Python 非极大值抑制(NMS)的四种实现详解

目录
  • 一.  几点说明
    • 1. 简单说明Cython:
    • 2. 简单介绍NMS:
  • 二.  四种方法实现
    • 1. 纯python实现:nms_py.py
    • 2.直接利用Cython模块编译:nms_py1.pyx
    • 3. 更改变量定义后再利用Cython模块编译:nms_py2.pyx
    • 4. 在方法3的基础上利用GPU:gpu_nms.pyx

方法1:纯python语言实现:简介方便、速度慢

方法2:直接利用Cython模块编译

方法3:先将全部变量定义为静态类型,再利用Cython模块编译

方法4:在方法3的基础上再加入cuda加速模块, 再利用Cython模块编译,即利用gpu加速

一.  几点说明

1. 简单说明Cython:

Cython是一个快速生成Python扩展模块的工具,从语法层面上来讲是Python语法和C语言语法的混血,当Python性能遇到瓶颈时,Cython直接将C的原生速度植入Python程序,这样使Python程序无需使用C重写,能快速整合原有的Python程序,这样使得开发效率和执行效率都有很大的提高,而这些中间的部分,都是Cython帮我们做了。

2. 简单介绍NMS:

Faster-RCNN中有两处使用NMS,第一处是训练+预测的时候,利用ProposalCreator来生成proposal的时候,因为只需要一部分proposal,所以利用NMS进行筛选。第二处使用是预测的时候,当得到300个分类与坐标偏移结果的时候,需要对每个类别逐一进行非极大值抑制。也许有人问为什么对于每个类别不直接取置信度最高的那一个?因为一张图中某个类别可能不止一个,例如一张图中有多个人,直接取最高置信度的只能预测其中的一个人,而通过NMS理想情况下可以使得每个人(每类中的每个个体)都会有且仅有一个bbox框。

二.  四种方法实现

1. 纯python实现:nms_py.py

#!/usr/bin/env python3
# -*- coding: utf-8 -*-
"""
Created on Mon May  7 21:45:37 2018

@author: lps
"""
import numpy as np

boxes=np.array([[100,100,210,210,0.72],
        [250,250,420,420,0.8],
        [220,220,320,330,0.92],
        [100,100,210,210,0.72],
        [230,240,325,330,0.81],
        [220,230,315,340,0.9]]) 

def py_cpu_nms(dets, thresh):
    # dets:(m,5)  thresh:scaler

    x1 = dets[:,0]
    y1 = dets[:,1]
    x2 = dets[:,2]
    y2 = dets[:,3]

    areas = (y2-y1+1) * (x2-x1+1)
    scores = dets[:,4]
    keep = []

    index = scores.argsort()[::-1]

    while index.size >0:

        i = index[0]       # every time the first is the biggst, and add it directly
        keep.append(i)

        x11 = np.maximum(x1[i], x1[index[1:]])    # calculate the points of overlap
        y11 = np.maximum(y1[i], y1[index[1:]])
        x22 = np.minimum(x2[i], x2[index[1:]])
        y22 = np.minimum(y2[i], y2[index[1:]])

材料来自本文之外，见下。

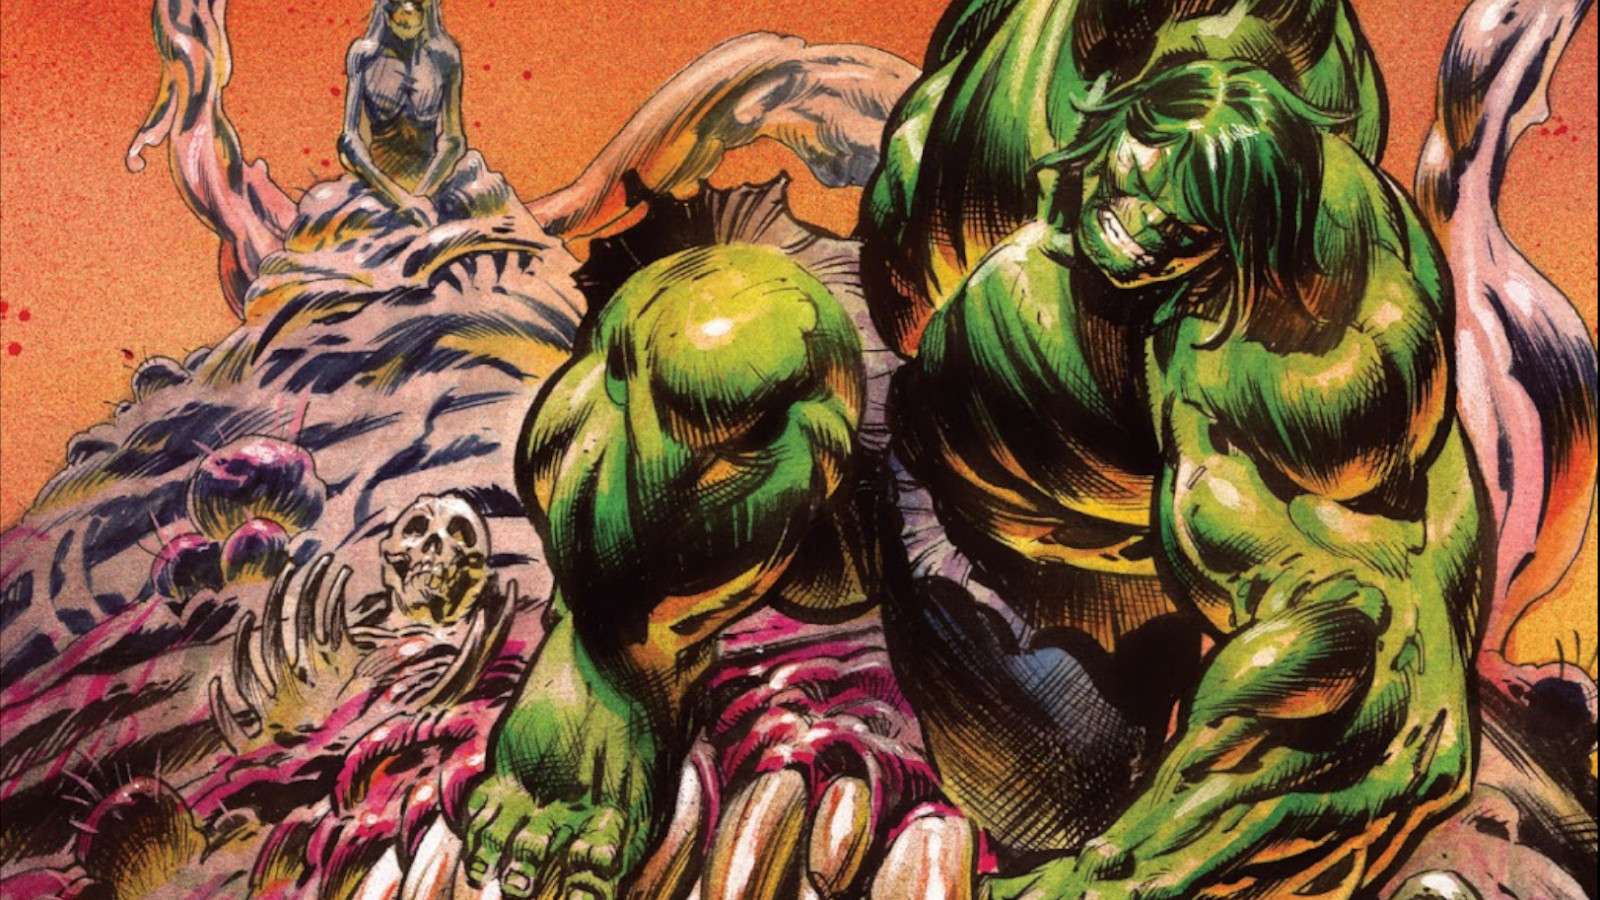 Incredible Hulk #5 cover art

        w = np.maximum(0, x22-x11+1)    # the weights of overlap
        h = np.maximum(0, y22-y11+1)    # the height of overlap

        overlaps = w*h

        ious = overlaps / (areas[i]+areas[index[1:]] - overlaps)

        idx = np.where(ious<=thresh)[0]

        index = index[idx+1]   # because index start from 1

    return keep

import matplotlib.pyplot as plt
def plot_bbox(dets, c='k'):

    x1 = dets[:,0]
    y1 = dets[:,1]
    x2 = dets[:,2]
    y2 = dets[:,3]

    plt.plot([x1,x2], [y1,y1], c)
    plt.plot([x1,x1], [y1,y2], c)
    plt.plot([x1,x2], [y2,y2], c)
    plt.plot([x2,x2], [y1,y2], c)
    plt.title("after nms")

plot_bbox(boxes,'k')   # before nms

keep = py_cpu_nms(boxes, thresh=0.7)
plot_bbox(boxes[keep], 'r')# after nms

结果大致这样:

新建nms文件夹,将nms_py.py 和__init__.py(空)文件放在其内成为包,可以调用。然后在nms文件夹外新建测试运行时间脚本 test_num.py:

import numpy as np
import time
from nms.nums_py import py_cpu_nms  # for cpu
#from nms.gpu_nms import gpu_nms   # for gpu 

np.random.seed( 1 )   # keep fixed
num_rois = 6000
minxy = np.random.randint(50,145,size=(num_rois ,2))
maxxy = np.random.randint(150,200,size=(num_rois ,2))
score = 0.8*np.random.random_sample((num_rois ,1))+0.2

boxes_new = np.concatenate((minxy,maxxy,score), axis=1).astype(np.float32)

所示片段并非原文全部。